| Task instructions |
What you return should be every line below, word for word, and none of the images.

| Information provided |

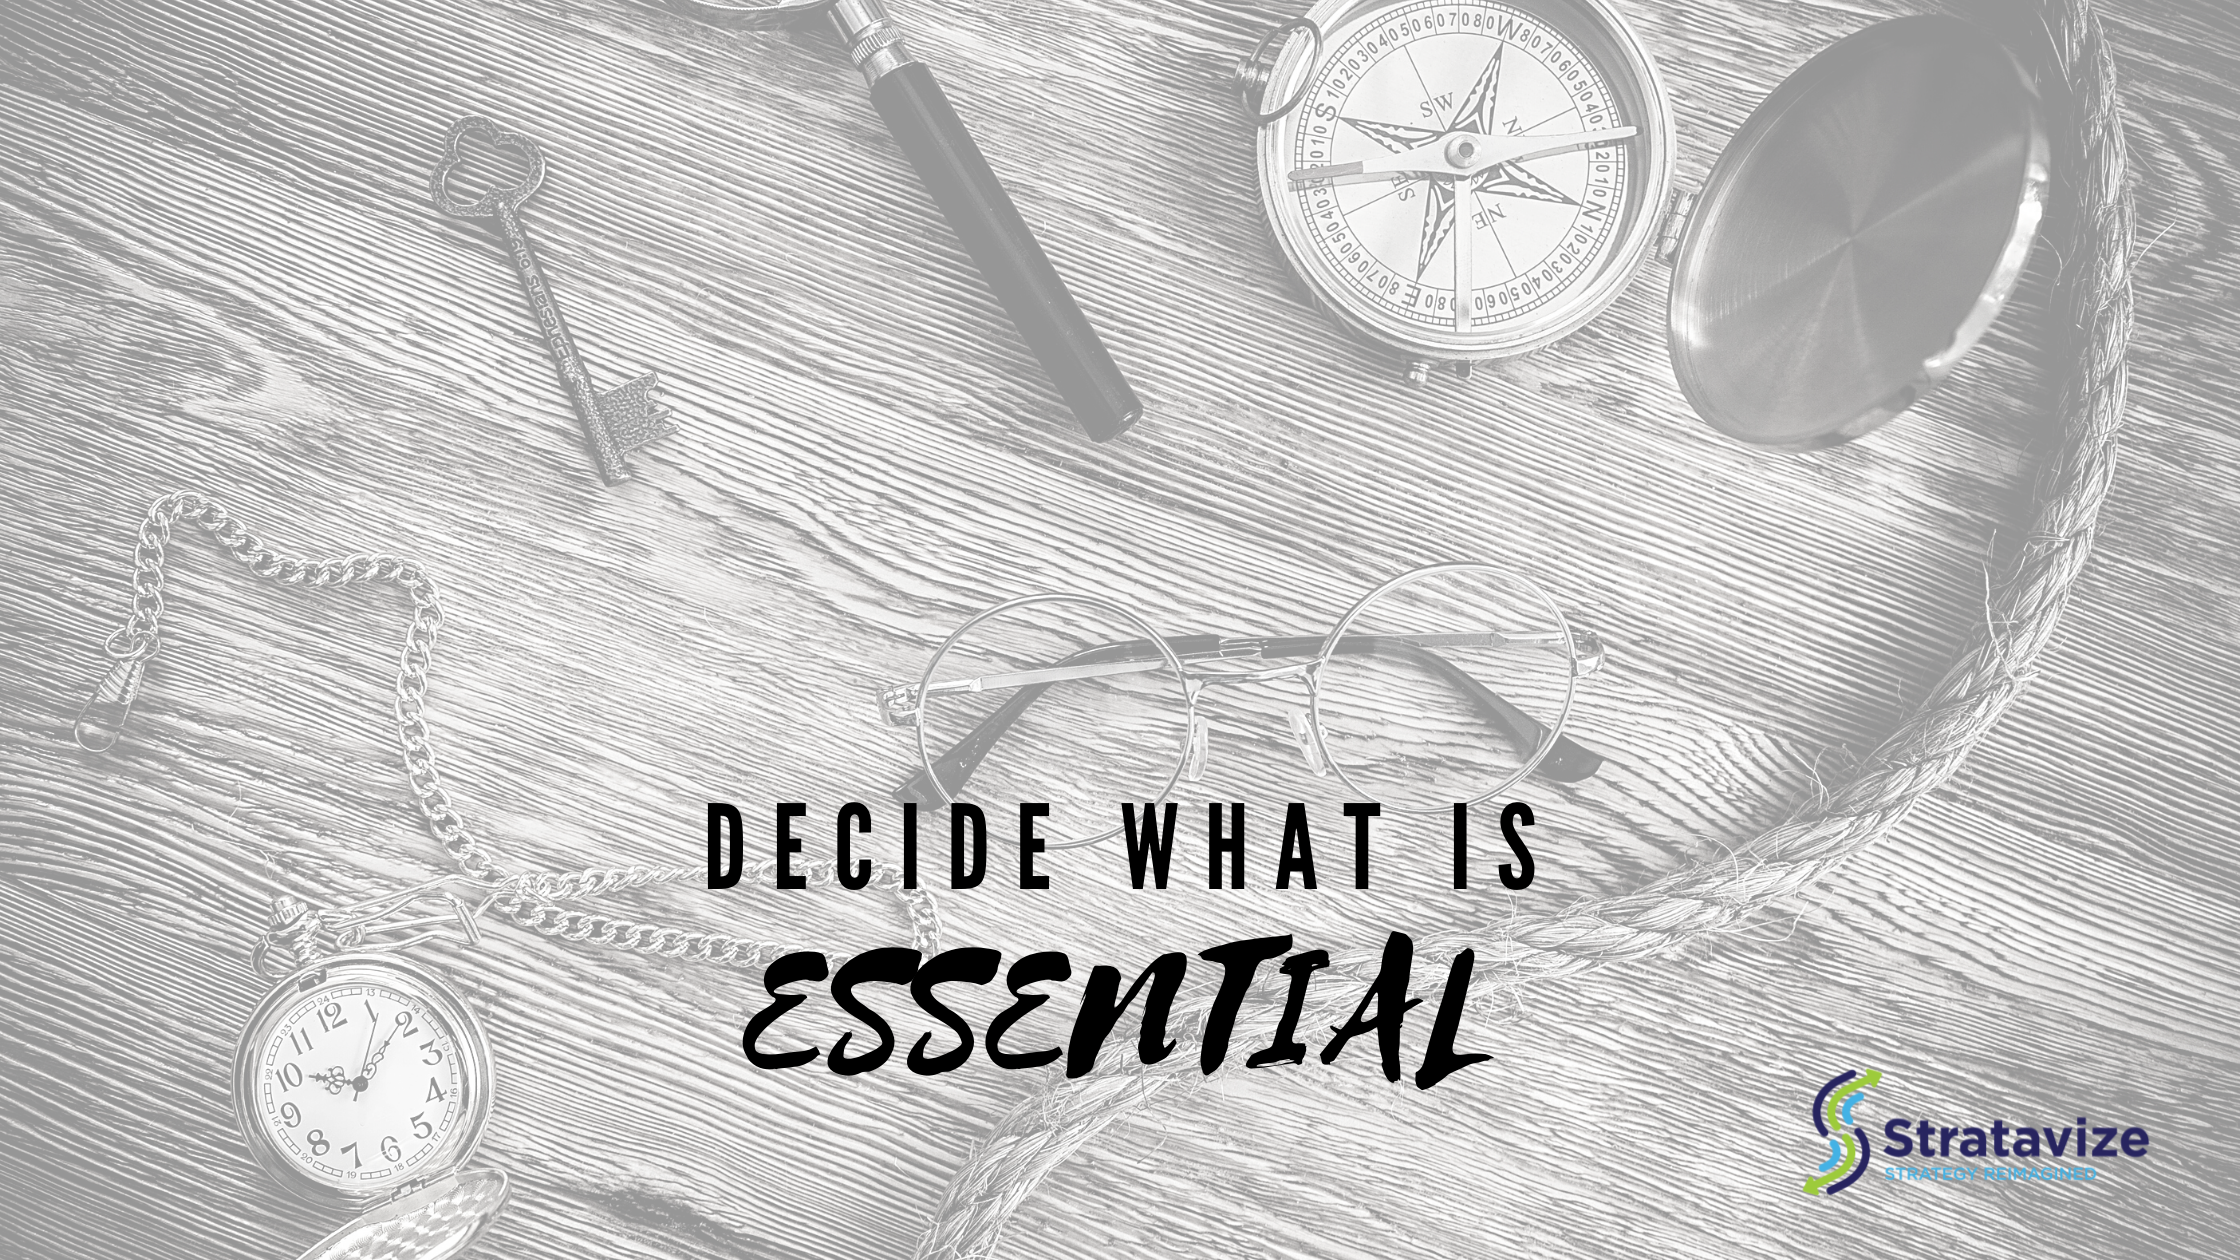 What’s Really Essential In Our Lives?
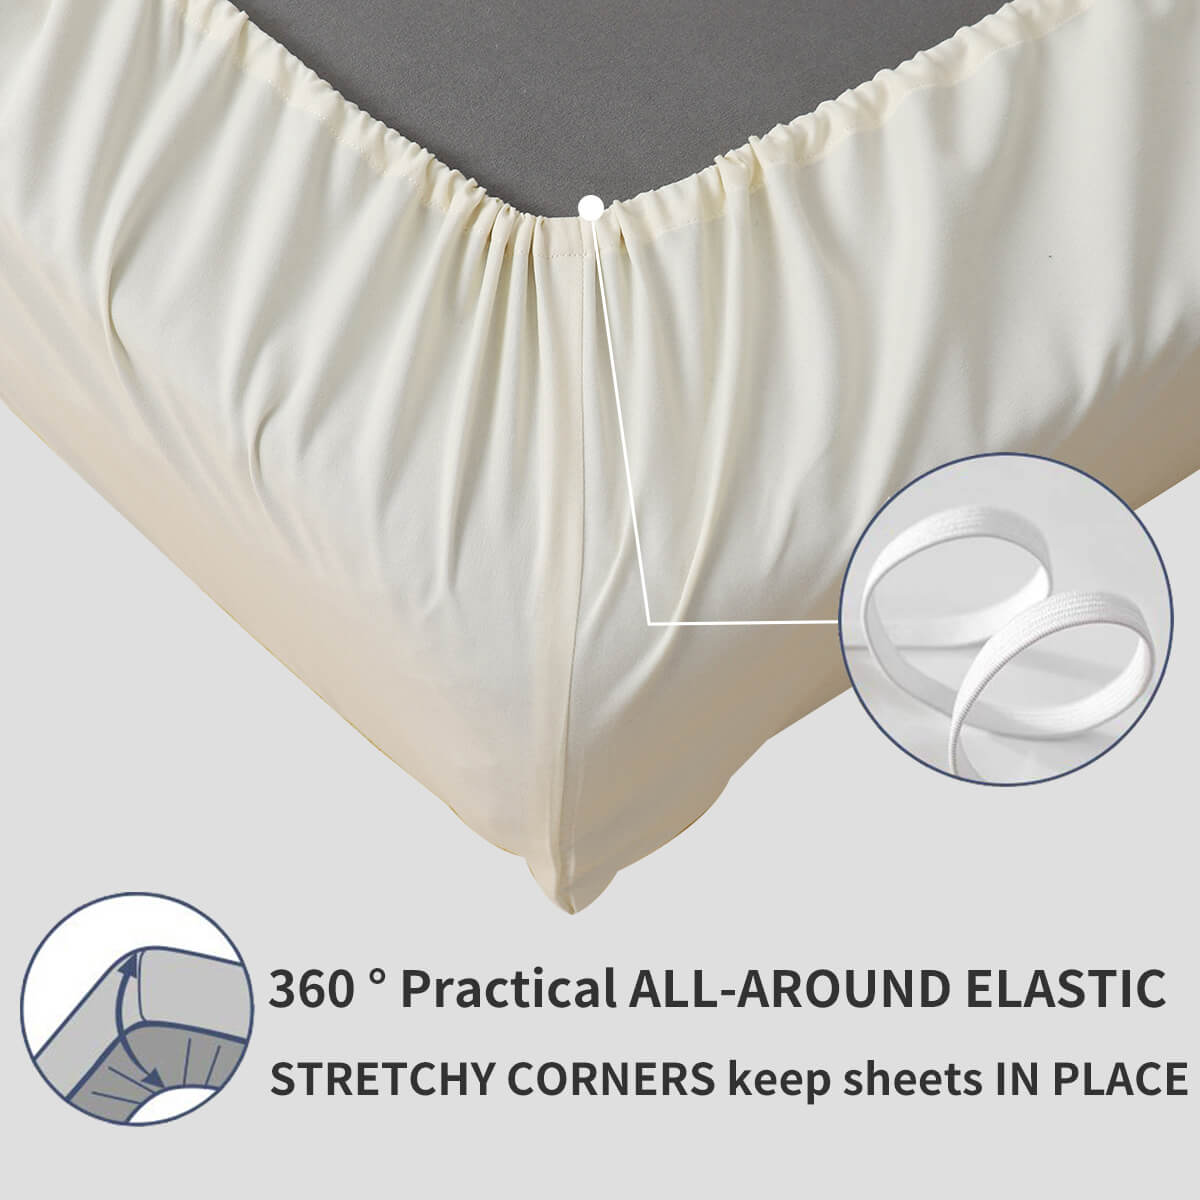 RKSB-0007 RUIKASI Fitted Sheets Double Bed Extra Deep (135 x 190 + 40 cm) 100% Brushed Microfiber Bed Sheets, Ultra Soft Silky Smooth and Wrinkle-Resistant
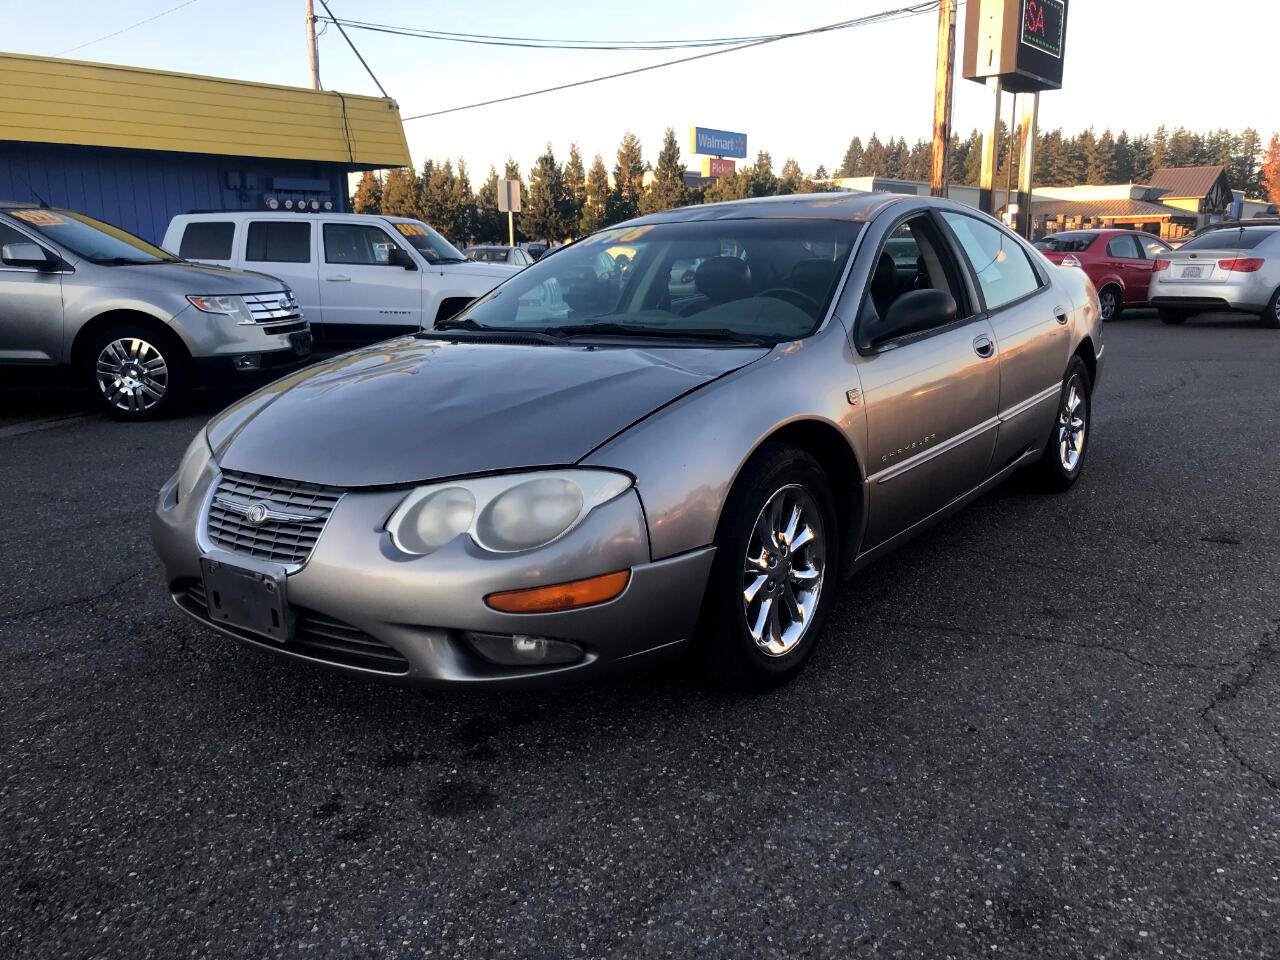 Used 1999 Chrysler 300M 4dr Sdn for Sale in WA

| Answer to the exercise |
 What’s Really Essential In Our Lives?
 RKSB-0007 RUIKASI Fitted Sheets Double Bed Extra Deep (135 x 190 + 40 cm) 100% Brushed Microfiber Bed Sheets, Ultra Soft Silky Smooth and Wrinkle-Resistant
 Used 1999 Chrysler 300M 4dr Sdn for Sale in WA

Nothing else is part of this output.